::: Data for analysis :::

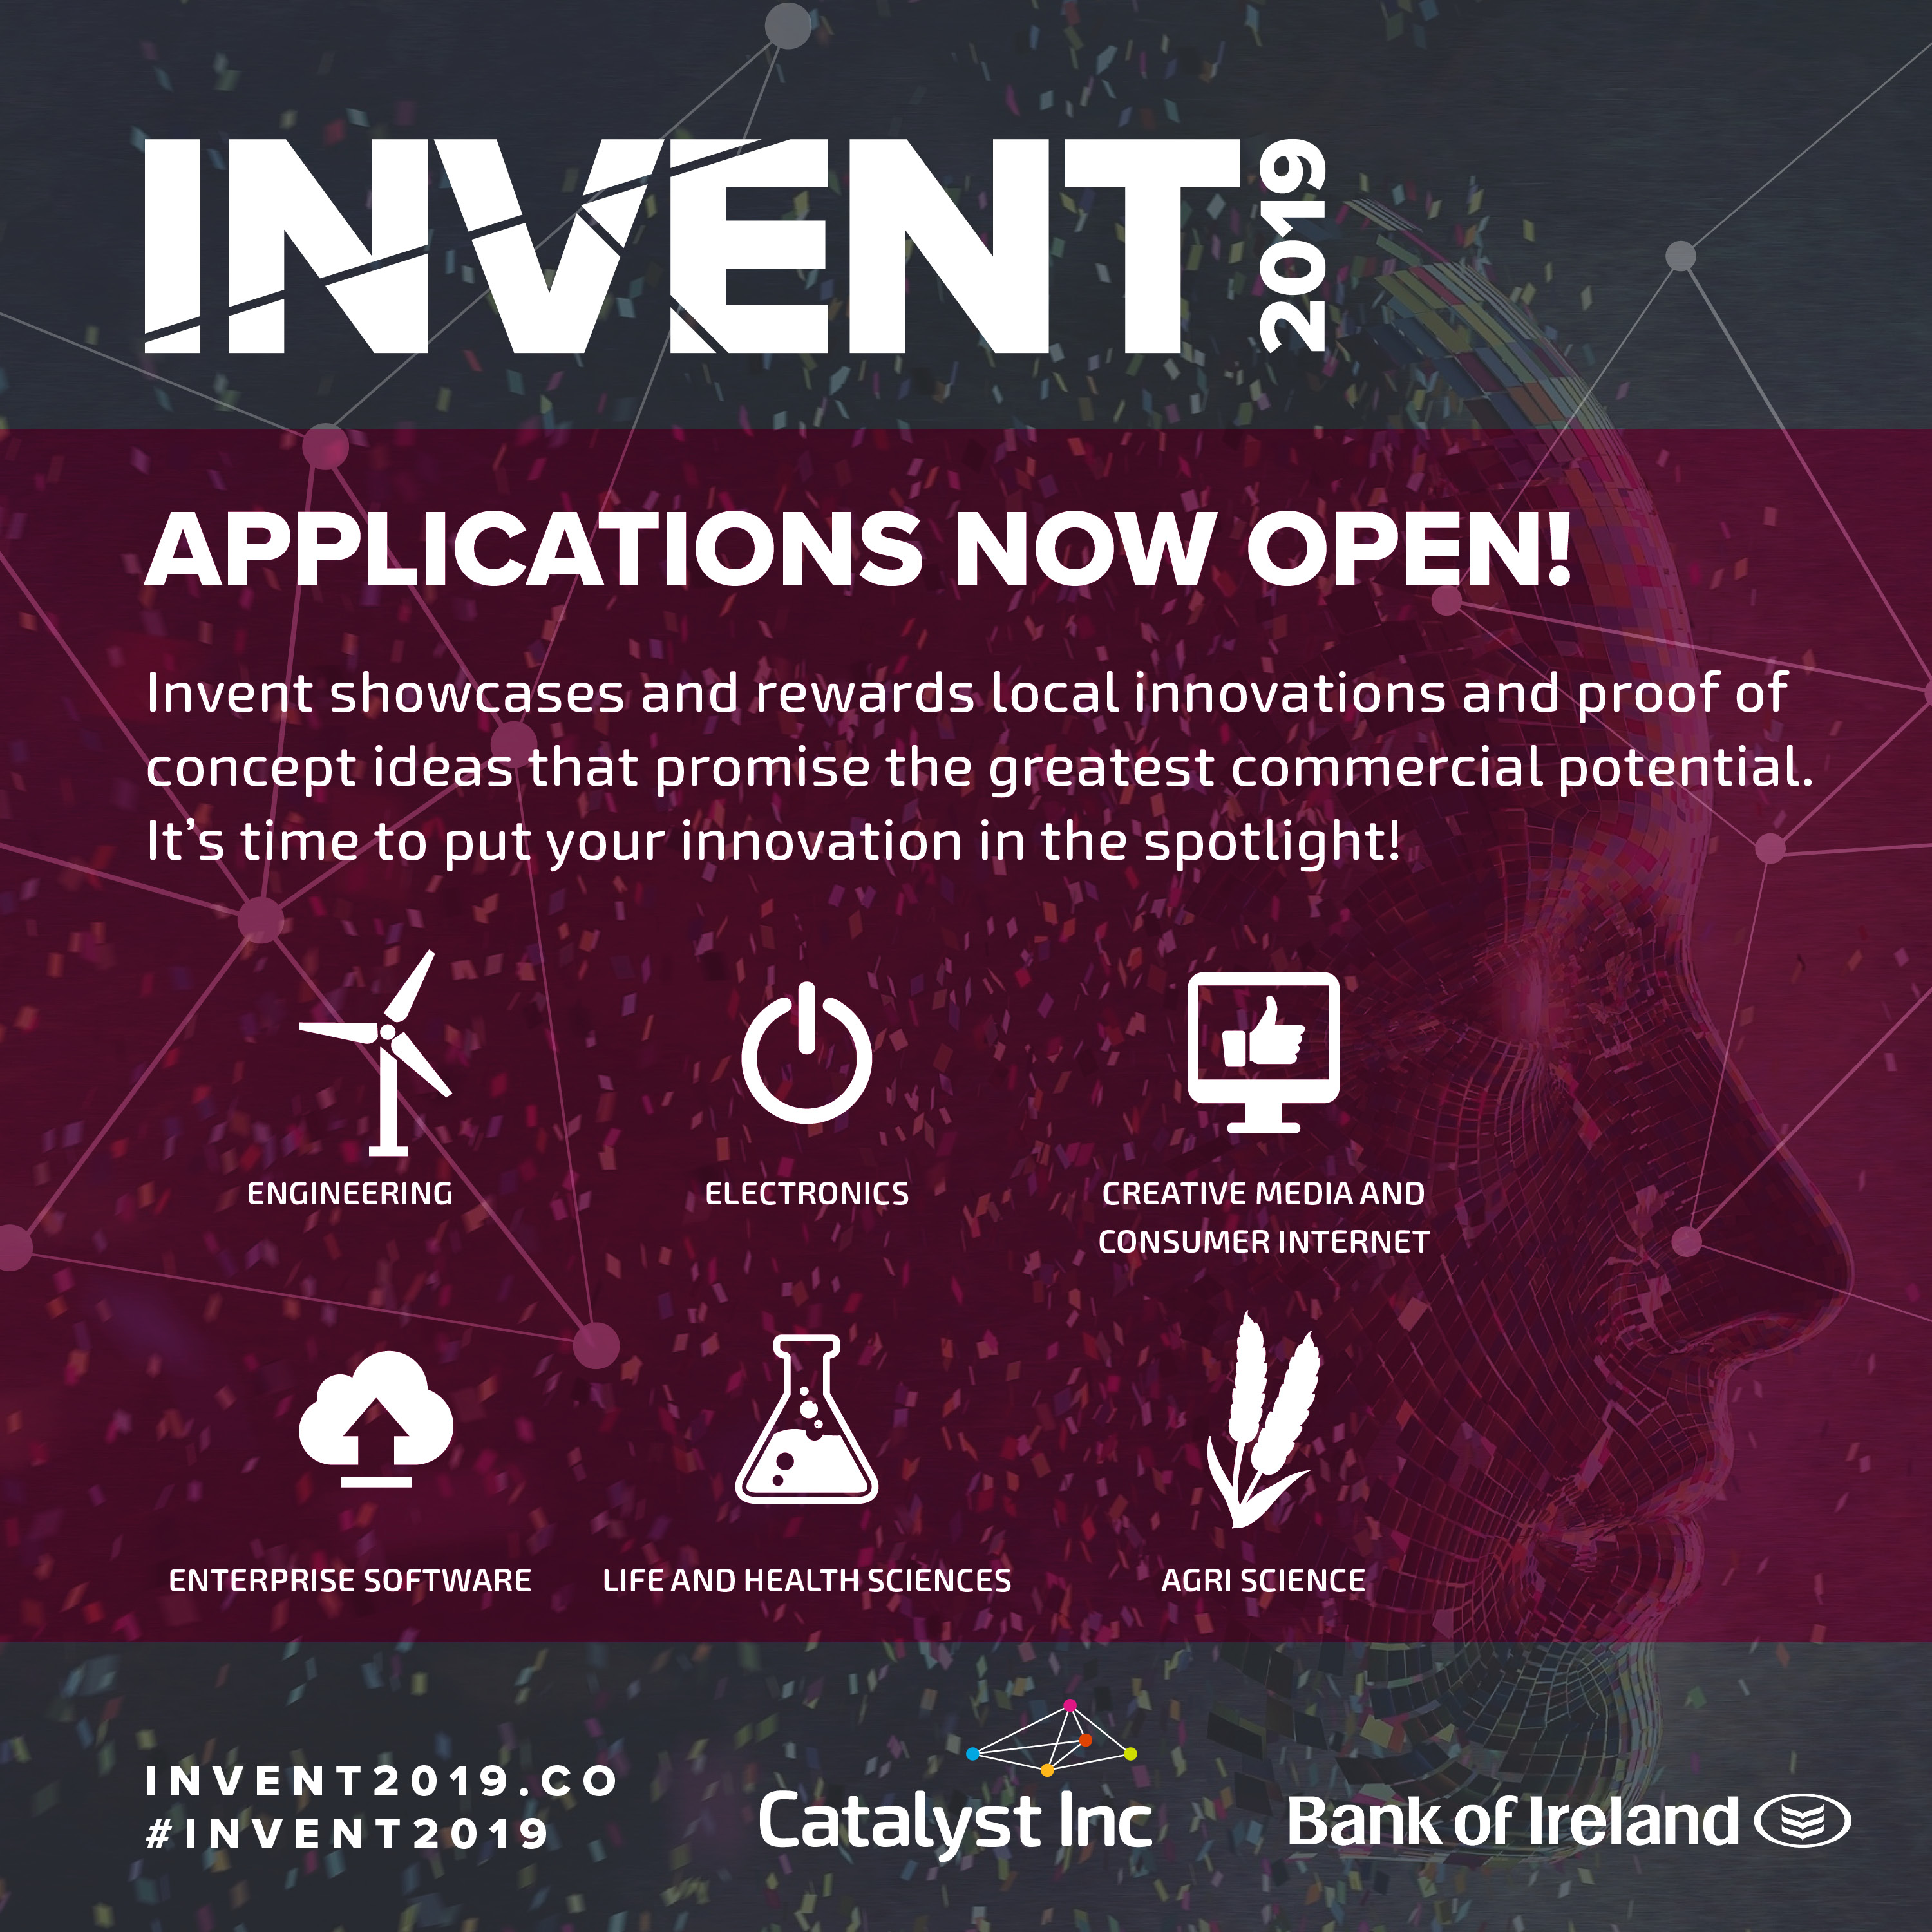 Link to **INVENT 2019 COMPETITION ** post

:::
::: Data for analysis :::

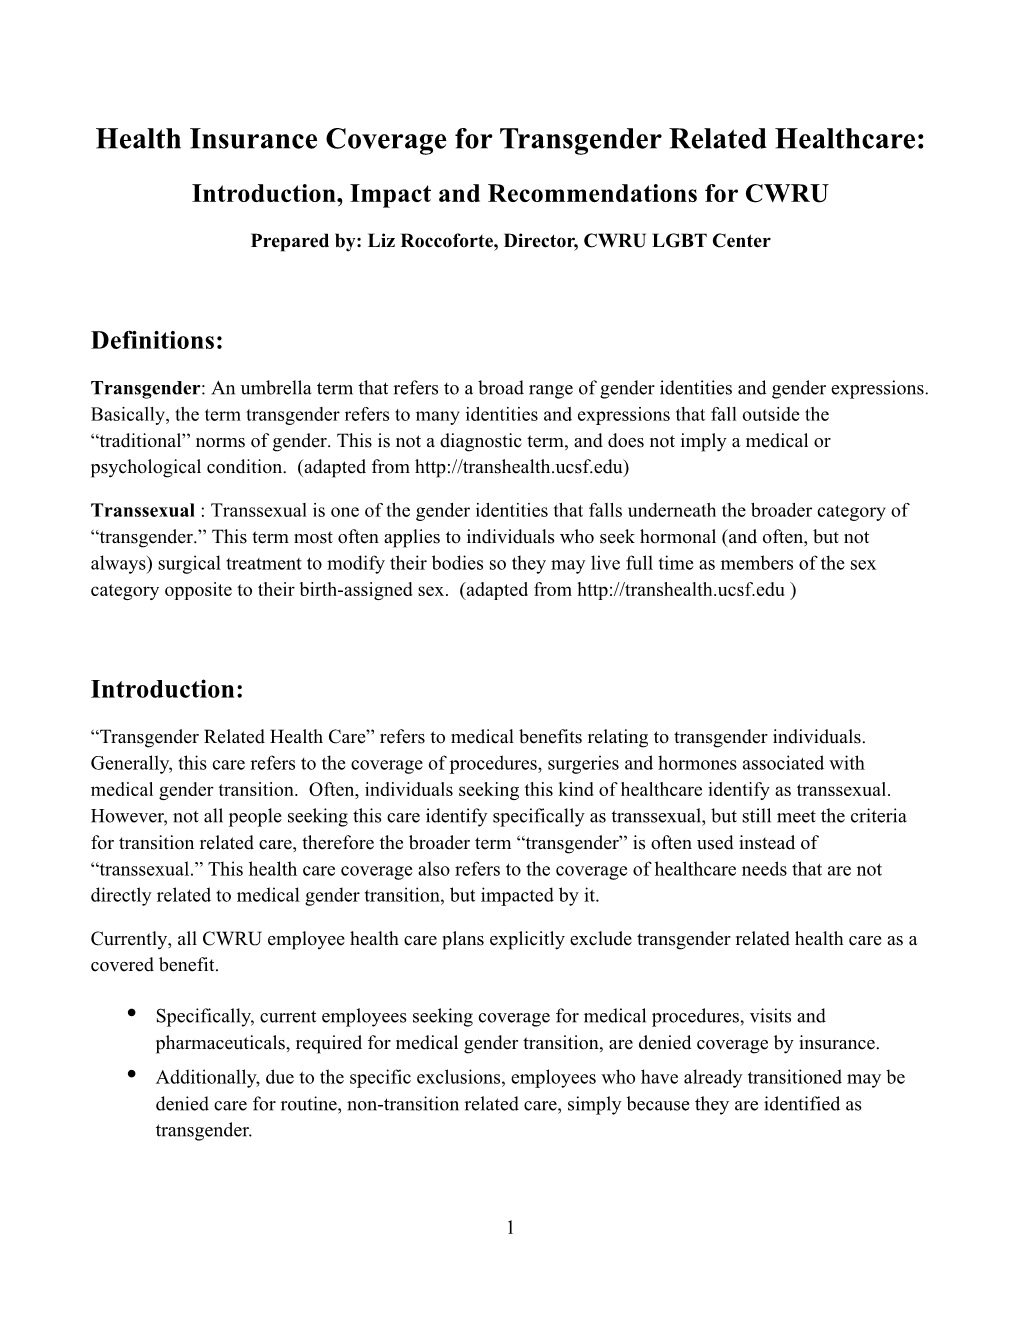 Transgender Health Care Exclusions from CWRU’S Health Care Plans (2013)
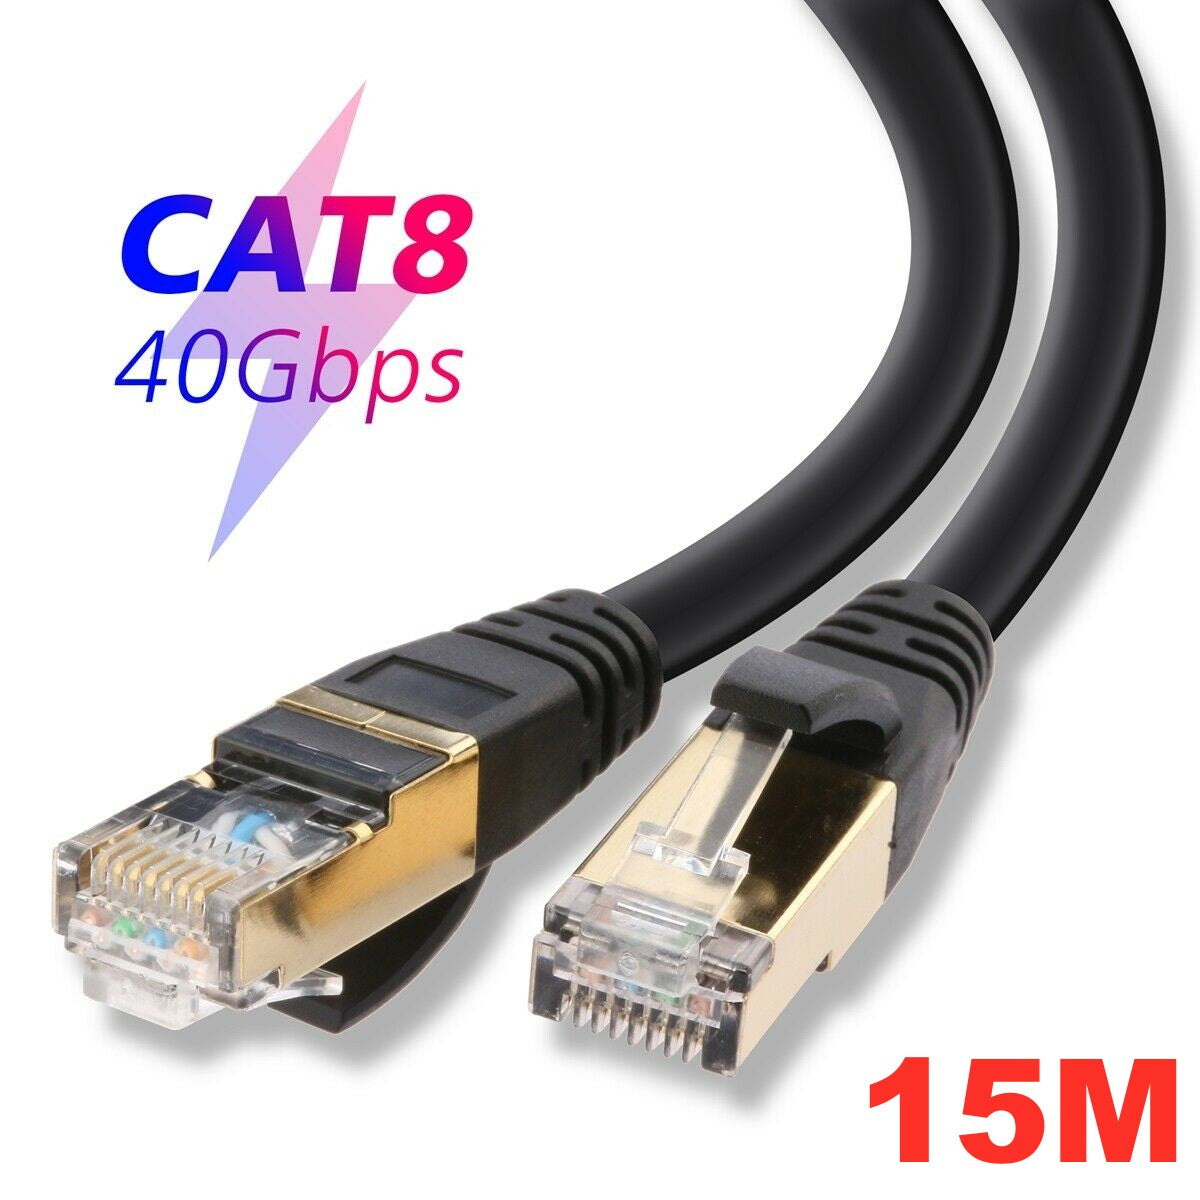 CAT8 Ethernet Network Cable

:::

• Task description: Copy the lines above exactly, starting at the one with "Transgender Health Care" and ending at the one with "CAT8 Ethernet Network Cable", both included. Leave out any pictures and add nothing else.

• Exercise result:
 Transgender Health Care Exclusions from CWRU’S Health Care Plans (2013)
 CAT8 Ethernet Network Cable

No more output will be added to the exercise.